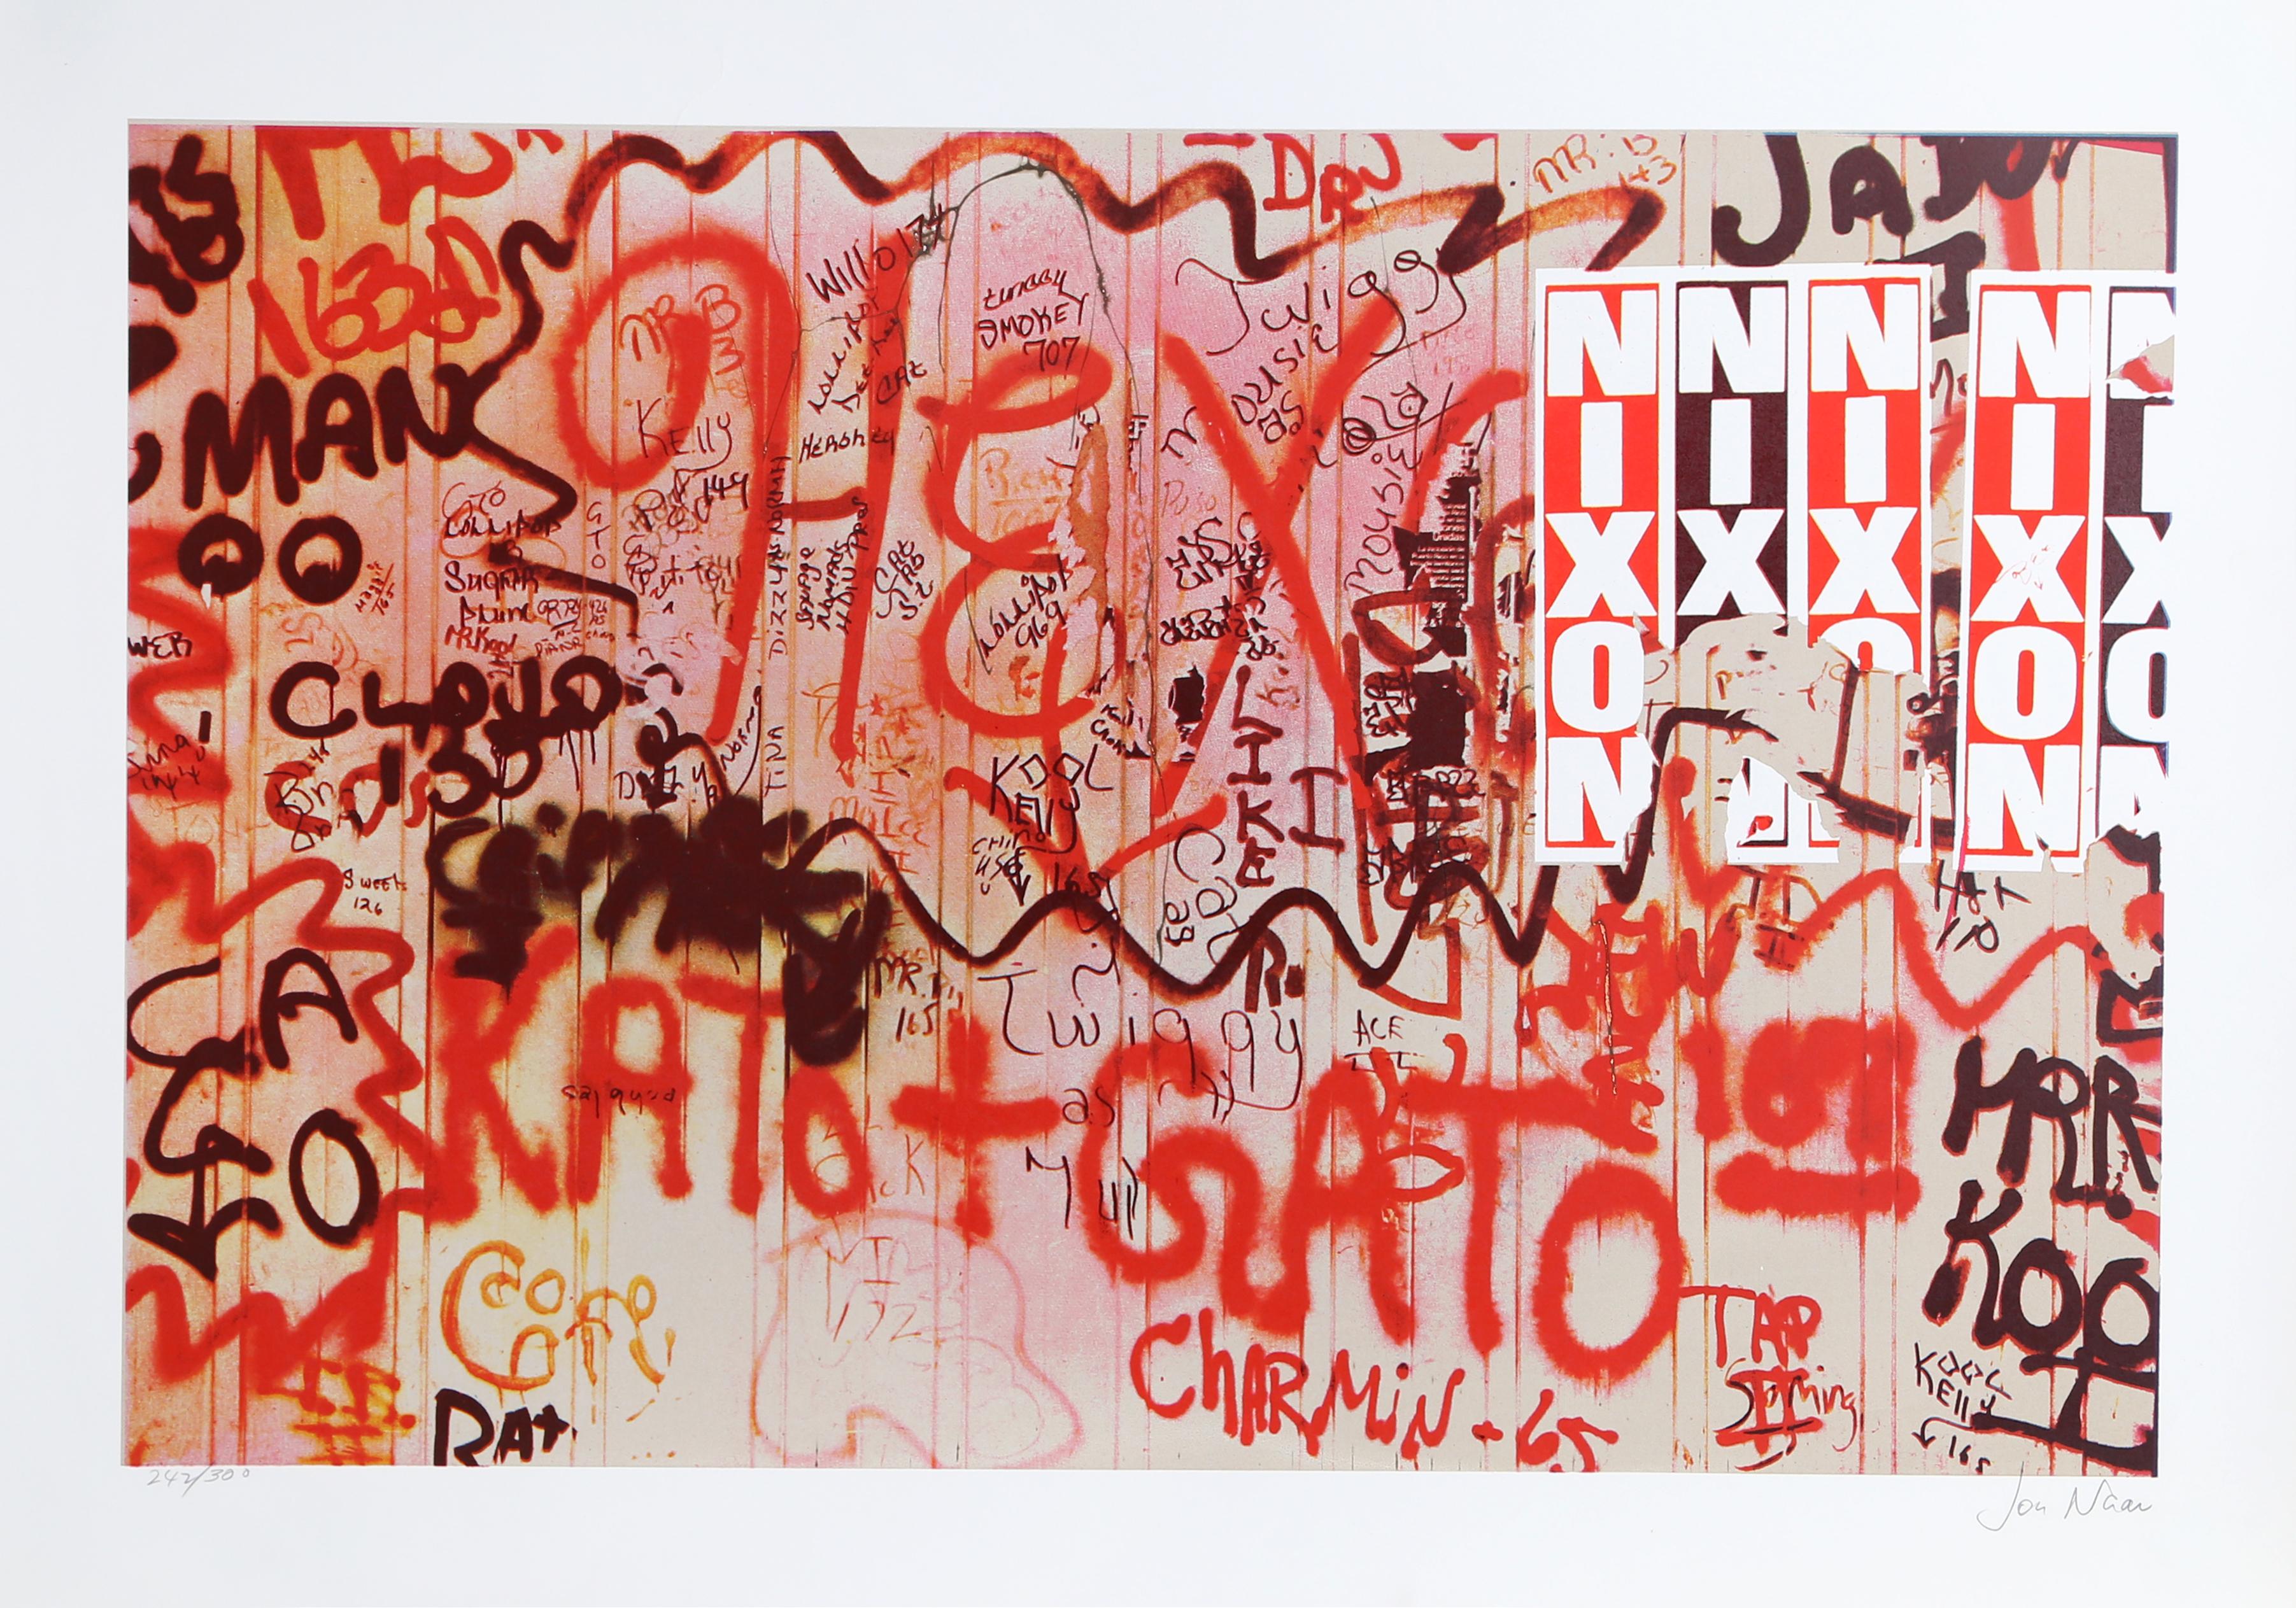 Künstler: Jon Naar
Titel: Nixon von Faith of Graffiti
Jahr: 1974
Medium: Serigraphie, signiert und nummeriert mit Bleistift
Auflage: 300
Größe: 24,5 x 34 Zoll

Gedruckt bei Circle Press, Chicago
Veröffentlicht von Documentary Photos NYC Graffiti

* * *

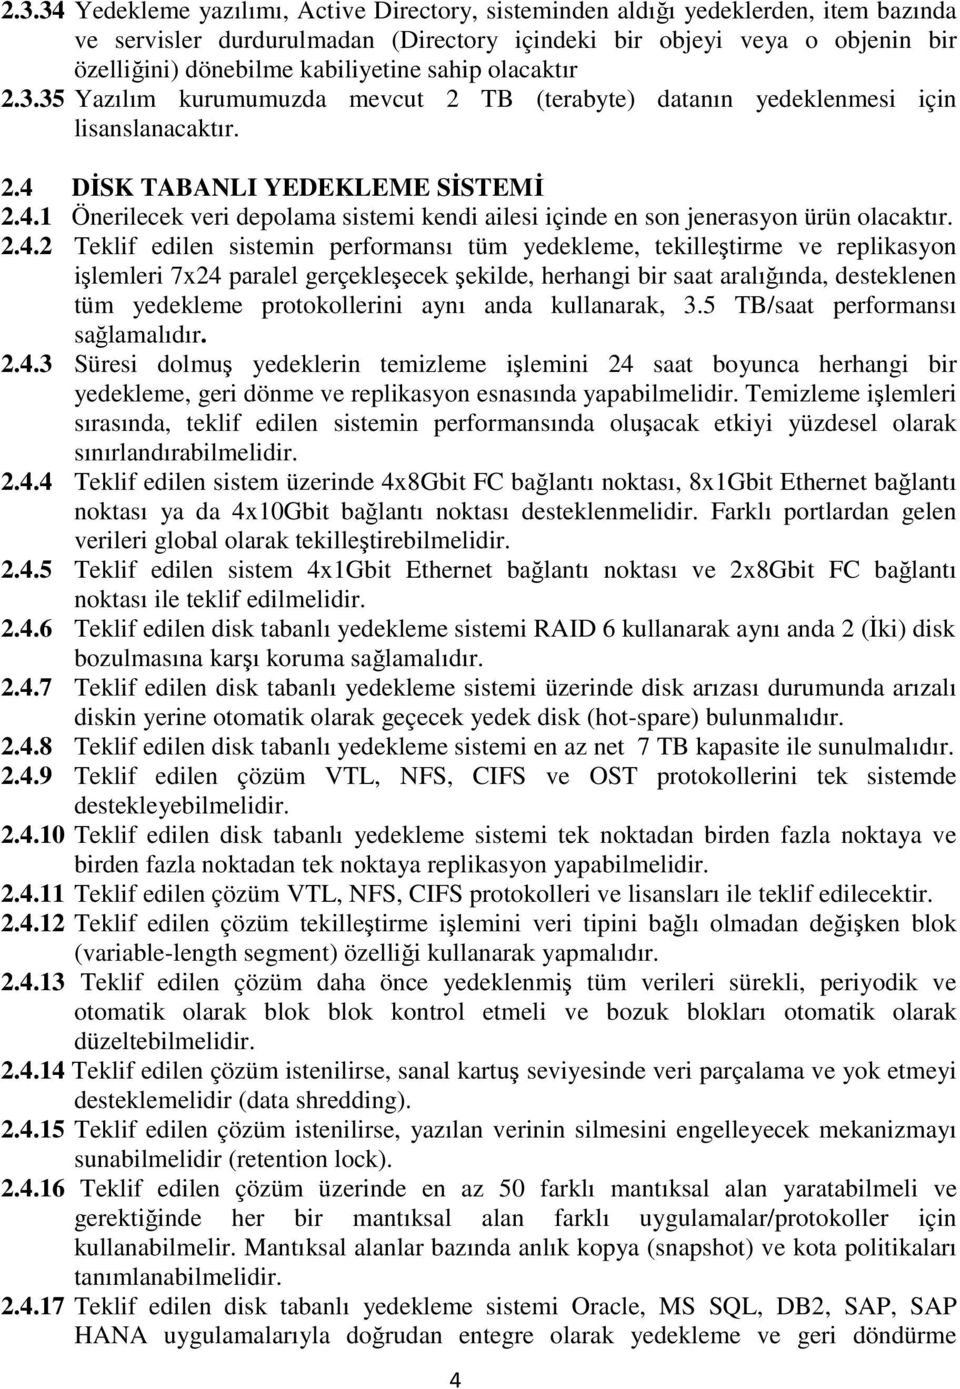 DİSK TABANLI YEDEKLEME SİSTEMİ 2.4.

▶ **TASK ITEM**
Go through the material above and output exactly the lines from the one containing "Titel: Nixon von Faith of Graffiti" through the one containing "Veröffentlicht von Documentary".

▶ **OUTPUT OF THE TASK**
Titel: Nixon von Faith of Graffiti
Jahr: 1974
Medium: Serigraphie, signiert und nummeriert mit Bleistift
Auflage: 300
Größe: 24,5 x 34 Zoll

Gedruckt bei Circle Press, Chicago
Veröffentlicht von Documentary Photos NYC Graffiti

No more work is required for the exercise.